Reputation: 597
Using Django, I have 2 models.
Model1 -> User
-> ID
-> Some properties
Model2 -> Activeness
-> UserId (Foreign Key to User)
->rating
This is a simplified case. I am trying to get a list of users sorted by their rating in the activeness table. User.objects.all().order_by('activeness__rating')
This works ok.
However, I have some situations where the activeness object for new users has not been created yet. This will result in those new users appearing at the top of the list obtained. I want them to appear at the bottom of the list instead.
I can't resort in python because I am using paging and retrieving 1 page at a time.
Can anyone advise. Thanks.
Upvotes: 0
Views: 671
Reputation: 7759
TLDR: filter out the user objects where the activeness
is null, and add them in later.
Long version: given some models like
class MyUser(models.Model):
activeness = models.ForeignKey('Activeness', null=True)
name = models.CharField(max_length=50)
def __unicode__(self):
return "{}: {}".format(self.name, self.activeness.rating if self.activeness else "no rating")
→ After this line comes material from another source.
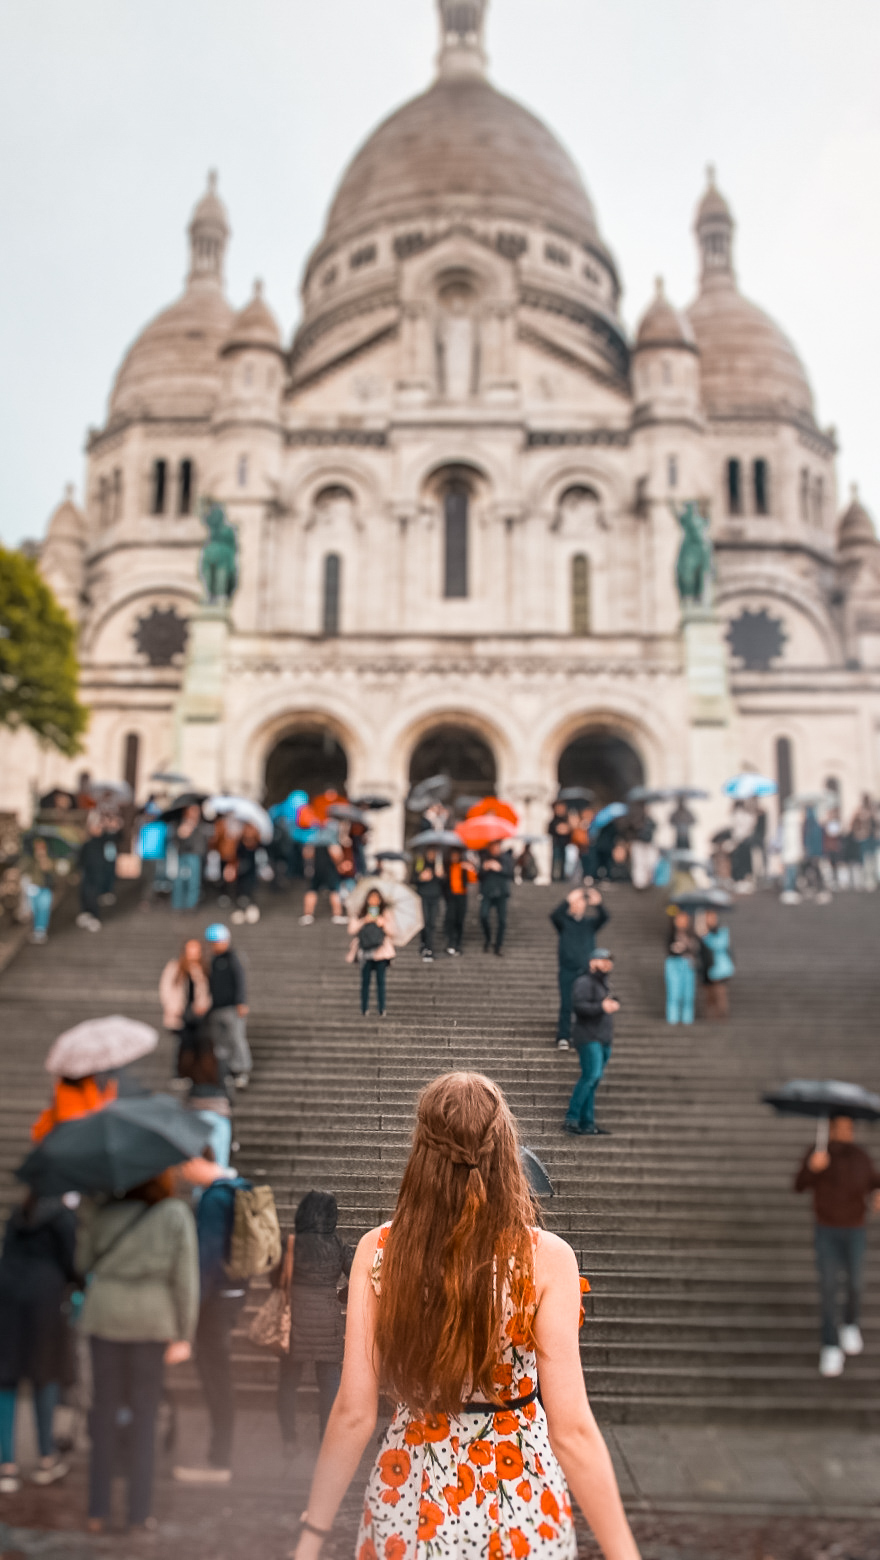 sacre coeur paris
Top 10 Photo Spots in Paris

class Activeness(models.Model):
rating = models.FloatField()
and some sample data like this
<MyUser: Bob: 3.62810036125>,
<MyUser: Tim: no rating>,
<MyUser: Jim: 2.41014167534>,
<MyUser: Rod: 1.35651839383>]
you can exclude the users without ratings like this:
>>> MyUser.objects.filter(activeness__rating__isnull=False).order_by('activeness__rating')
[<MyUser: Rod: 1.35651839383>, <MyUser: Jim: 2.41014167534>, <MyUser: Bob: 3.62810036125>]
and then append them to the end, which you can make a bit more efficient by using chain() from itertools
:
>>> from itertools import chain
>>> chain(MyUser.objects.filter(activeness__rating__isnull=False).order_by('activeness__rating'), MyUser.objects.filter(activeness__rating__isnull=True))
[<MyUser: Rod: 1.35651839383>,
<MyUser: Jim: 2.41014167534>,
<MyUser: Bob: 3.62810036125>,
<MyUser: Tim: no rating>]
For example, if we have debug on we can see this prevents Query Sets from being pointlessly evaluated.
>>> from django.db import connection
>>> import pprint
>>> connection.queries = []
>>> for u in chain(MyUser.objects.filter(activeness__rating__isnull=False).order_by('activeness__rating').select_related('activeness'), MyUser.objects.filter(activeness__rating__isnull=True)):
>>> print "At {u} we've done {count} SQL queries".format(u=u, count=len(connection.queries))
At Rod: 1.35651839383 we've done 1 SQL queries
At Jim: 2.41014167534 we've done 1 SQL queries
At Bob: 3.62810036125 we've done 1 SQL queries
At Tim: no rating we've done 2 SQL queries
Of course, you'll still need to do some more work to get it to work with a Django paginator, but that'd be beyond the scope of this question.